**Exercise aim:** Down to the last line, print the data that follows exactly, without its pictures.

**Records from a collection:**
------
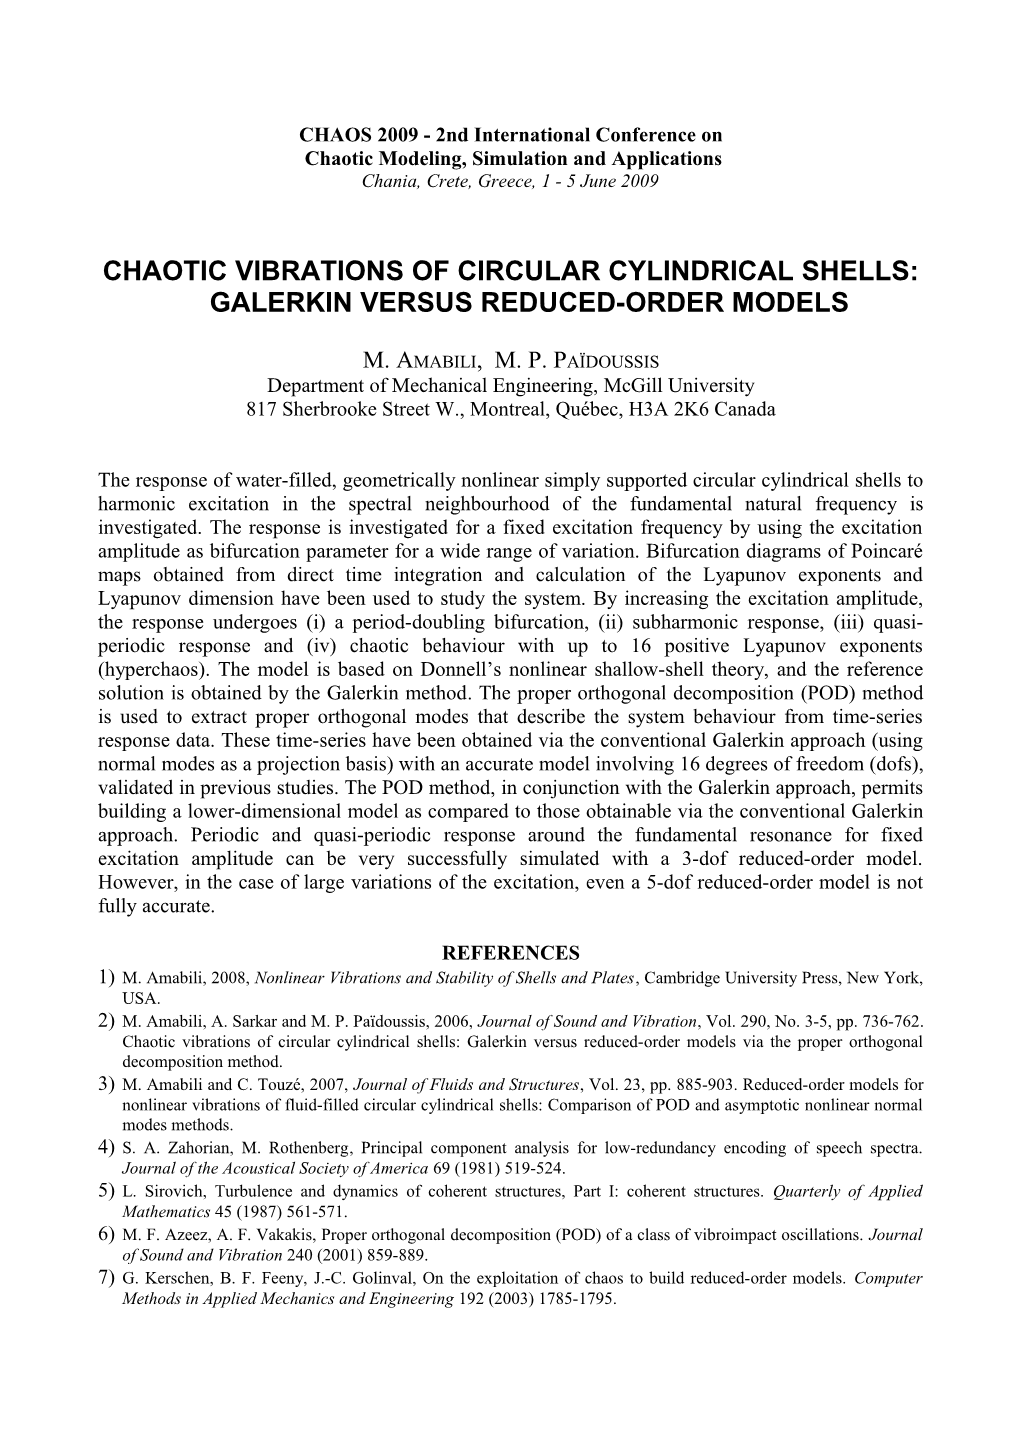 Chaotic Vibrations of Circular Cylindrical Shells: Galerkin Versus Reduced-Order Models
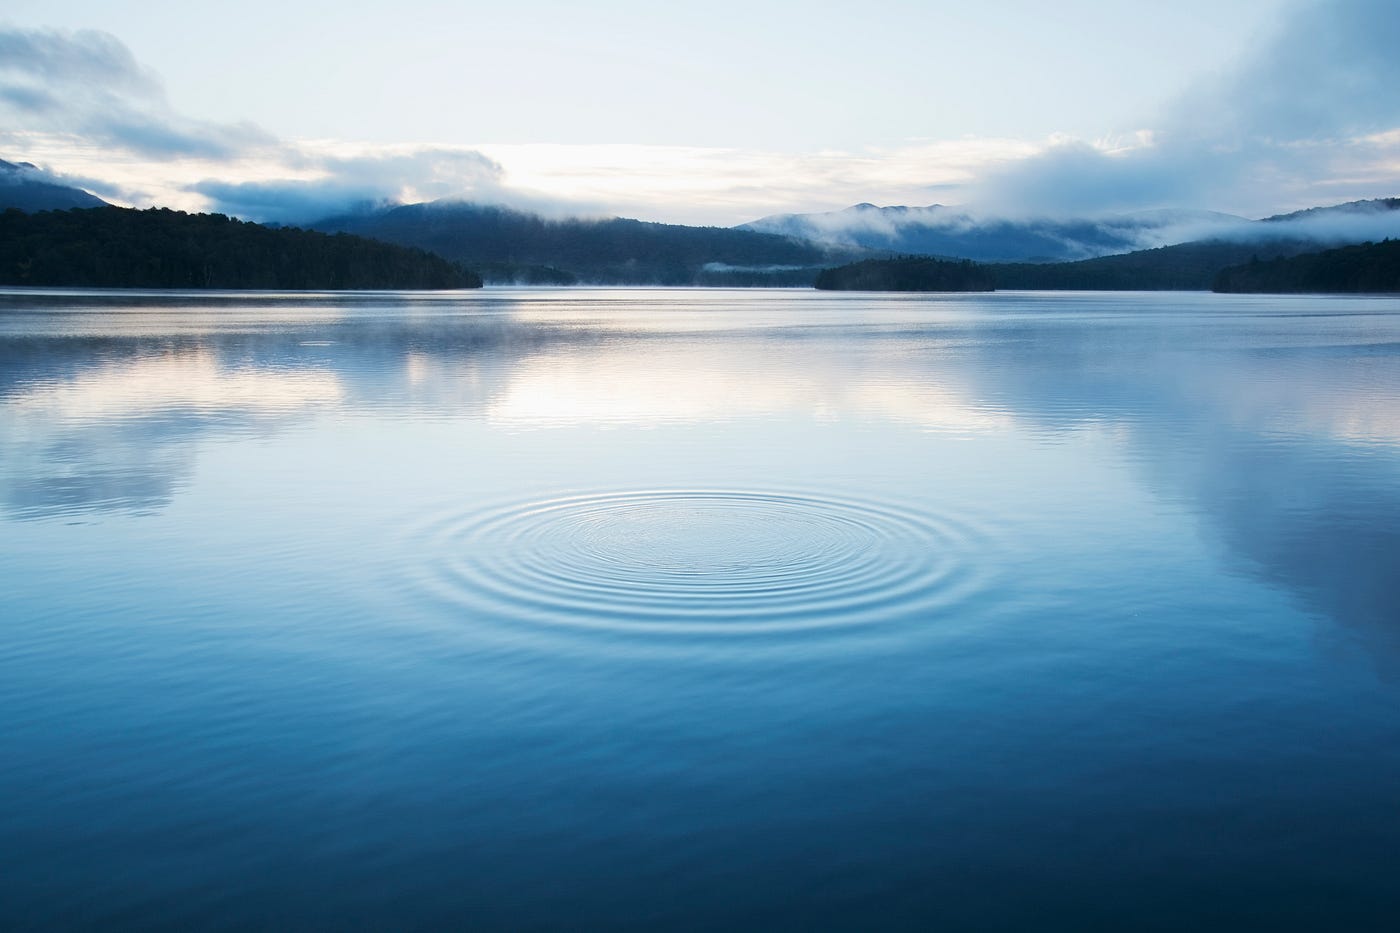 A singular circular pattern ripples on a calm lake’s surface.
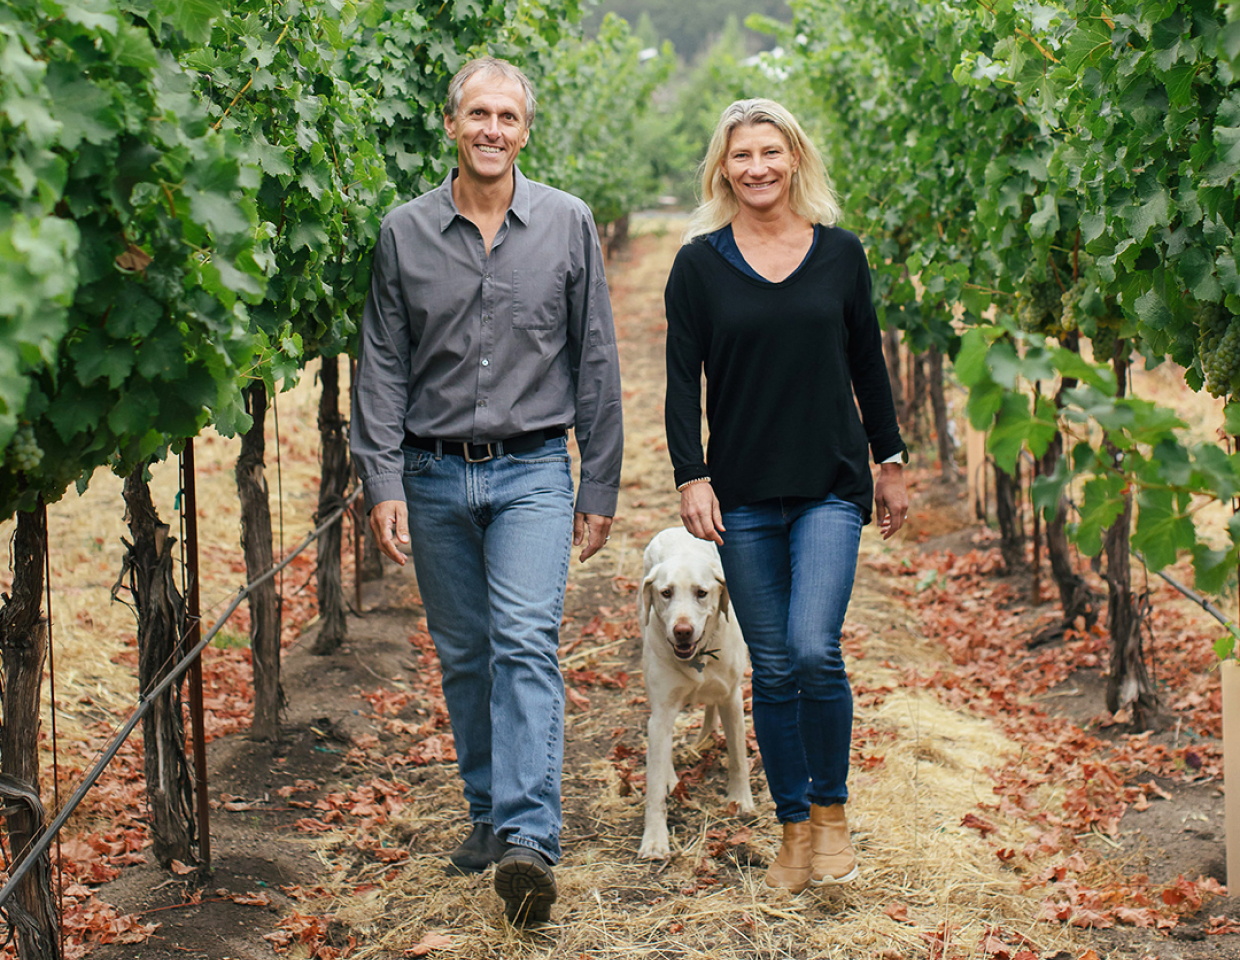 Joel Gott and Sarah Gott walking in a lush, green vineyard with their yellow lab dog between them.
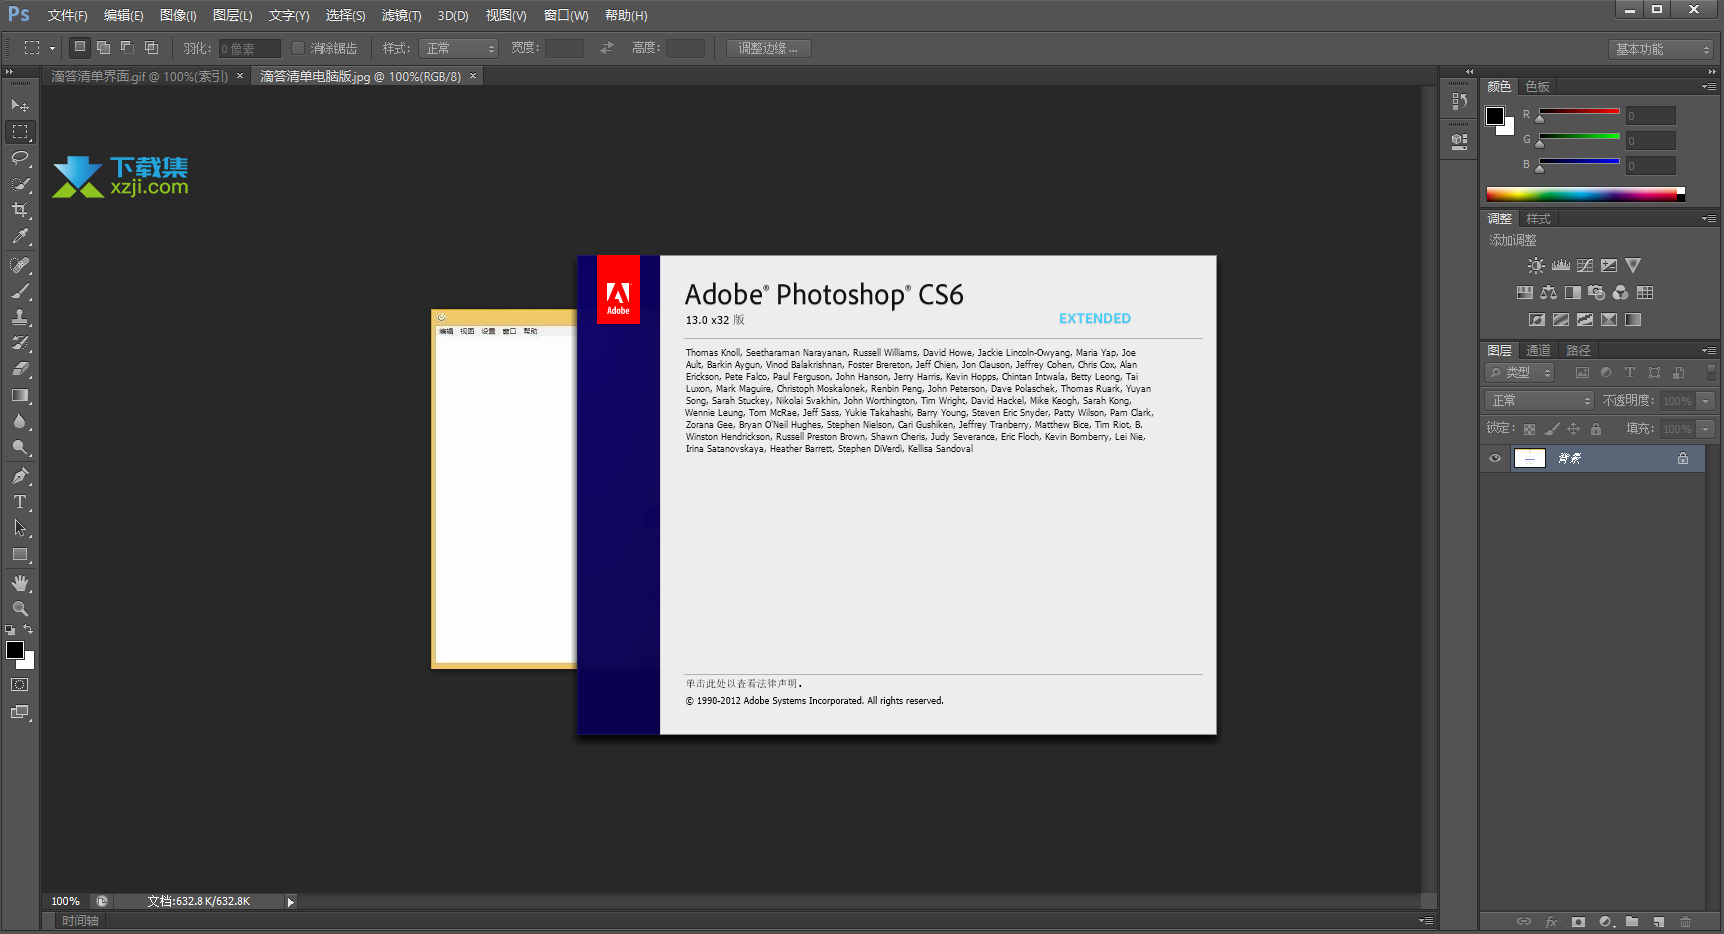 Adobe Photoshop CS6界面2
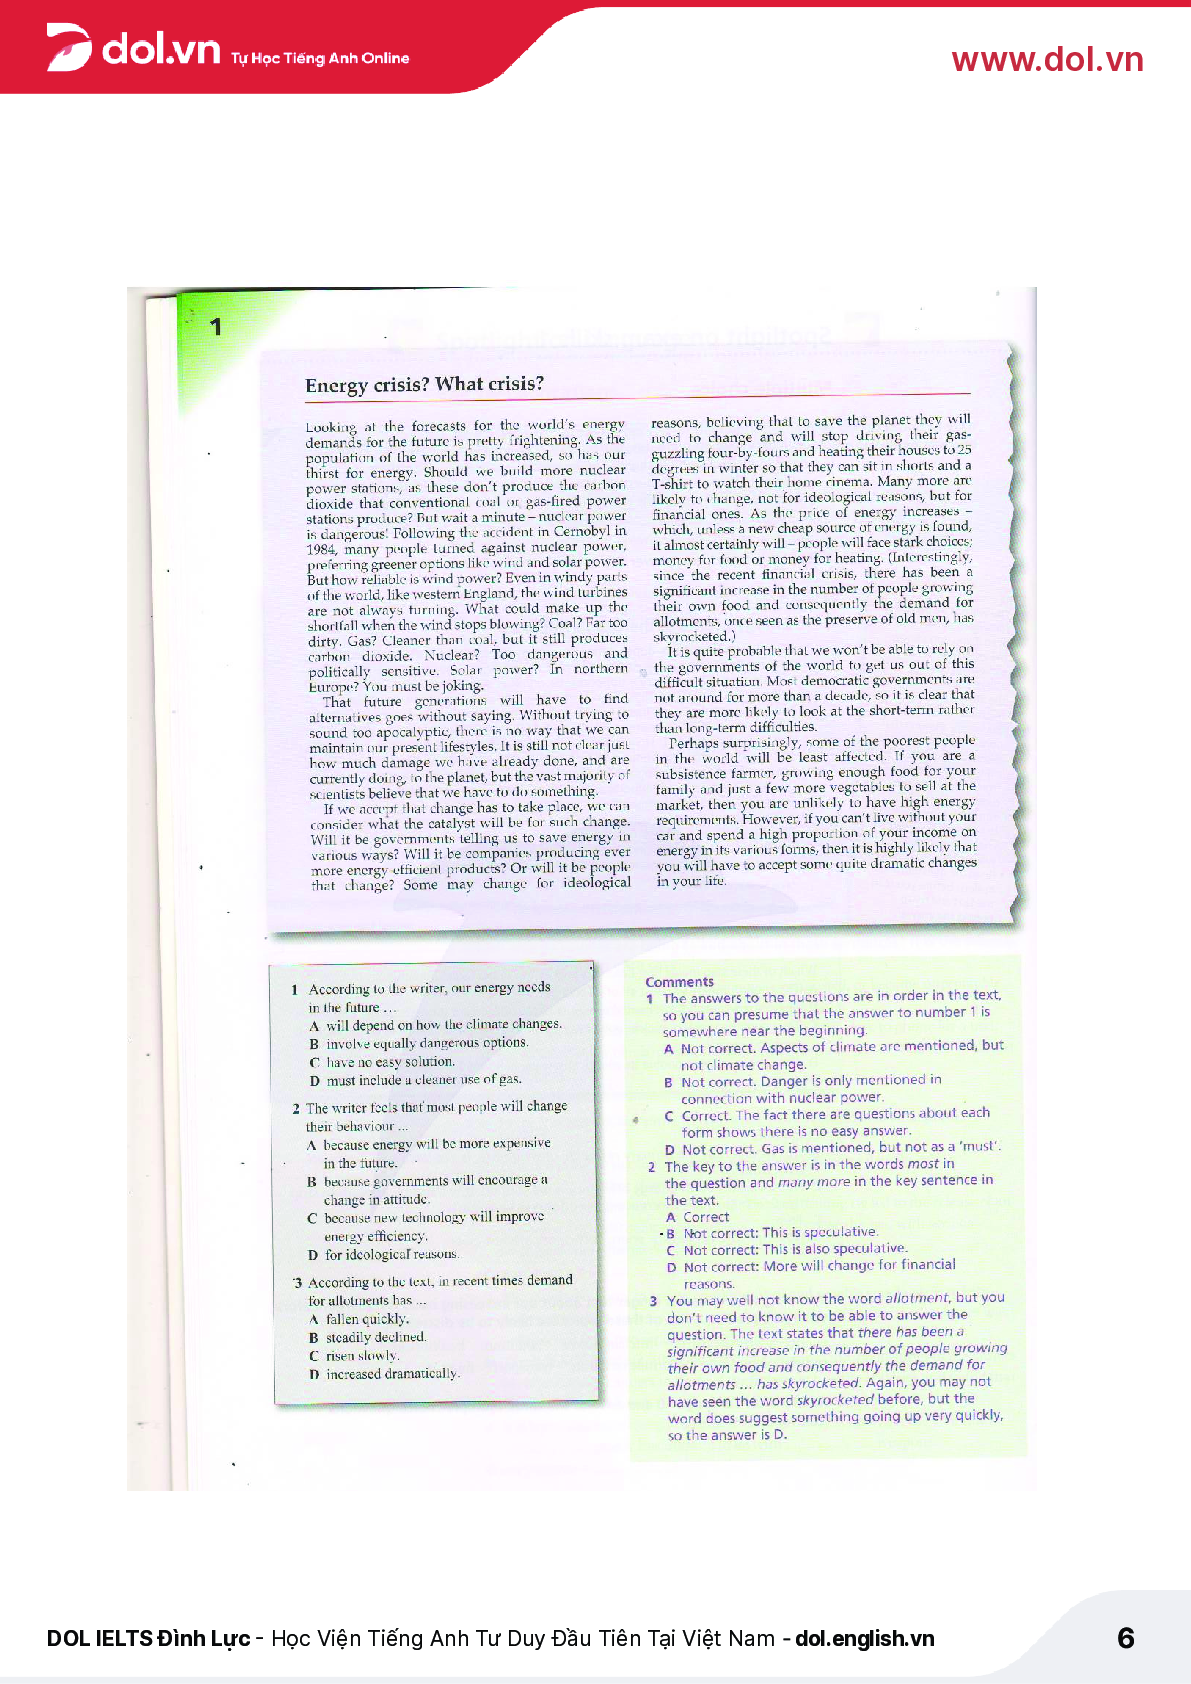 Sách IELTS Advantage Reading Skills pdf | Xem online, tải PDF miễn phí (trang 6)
------
**Answer to this task:**
 Chaotic Vibrations of Circular Cylindrical Shells: Galerkin Versus Reduced-Order Models
 A singular circular pattern ripples on a calm lake’s surface.
 Joel Gott and Sarah Gott walking in a lush, green vineyard with their yellow lab dog between them.
 Adobe Photoshop CS6界面2
 Sách IELTS Advantage Reading Skills pdf | Xem online, tải PDF miễn phí (trang 6)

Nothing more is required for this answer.